The fact that they were women would also have militated against their acceptance by the trustees. The enormous number of etchings, both British and Australian that had been pouring into the collection reflected a conservative bias, both stylistically and in terms of subject matter. It was probably largely for this reason that they were so readily accepted by the trustees. Modernism was a completely different matter altogether.
The continuing purchases of Lionel Lindsay’s conservative relief prints and the omission of more adventurous work was testament to this. The first old master prints to come into the collection were quite isolated examples. Two engravings by Dürer were purchased in 1928, and the first Rembrandt in 1933.
And then, in 1937, the trustees purchased a collection of prints through Harold Wright of Colnagis in London and this signalled a major shift in the Gallery’s policy of buying only contemporary original work. Amongst the 44 prints and six drawings purchased there was an engraving by Breugel, etchings by Callow, Canaletto, Van Dyke, Holler, Rembrandt, Tiepolo and Goya, as well as other sixteenth and seventeenth century Dutch and French artists.
But, by far the biggest representation of all in this collection was of British etching revival artists. Muirhead Bone, Francis Dodd, Alphonse LeGros, James Bay, Whistler, and one French, Fĕlix Braquemond. More Harold Wright purchases followed in 1941.
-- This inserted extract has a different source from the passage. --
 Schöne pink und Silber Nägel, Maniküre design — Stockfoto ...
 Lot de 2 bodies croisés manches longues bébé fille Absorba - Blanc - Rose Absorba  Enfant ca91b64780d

Although this was, in some ways, a promising beginning to widening the parameters governing the collection, it can also be seen as a slightly retrograde step, a strengthening of traditional values in art which would have bolstered the already conservative bias in the print collection.
It is somewhat ironic, then, that in 1937, the year these old master prints came into the collection, and with a vast amount of original material already in the collection, that the Gallery’s Annual Report for that year should state, under the heading ‘Print Room’, and I quote: ‘Early in the year a portion of the basement previously used to store paints was equipped with artificial light and converted into a print room. This has proved a great attraction to students and art lovers and contains some particularly fine reproductions made by the following well–known firms; Piper, Brown, Arundel, Vasari and Medici.
© Kay Vernon, 1989.
Paper presented at The First Australian Print Symposium, National Gallery of Australia, Canberra, 1989.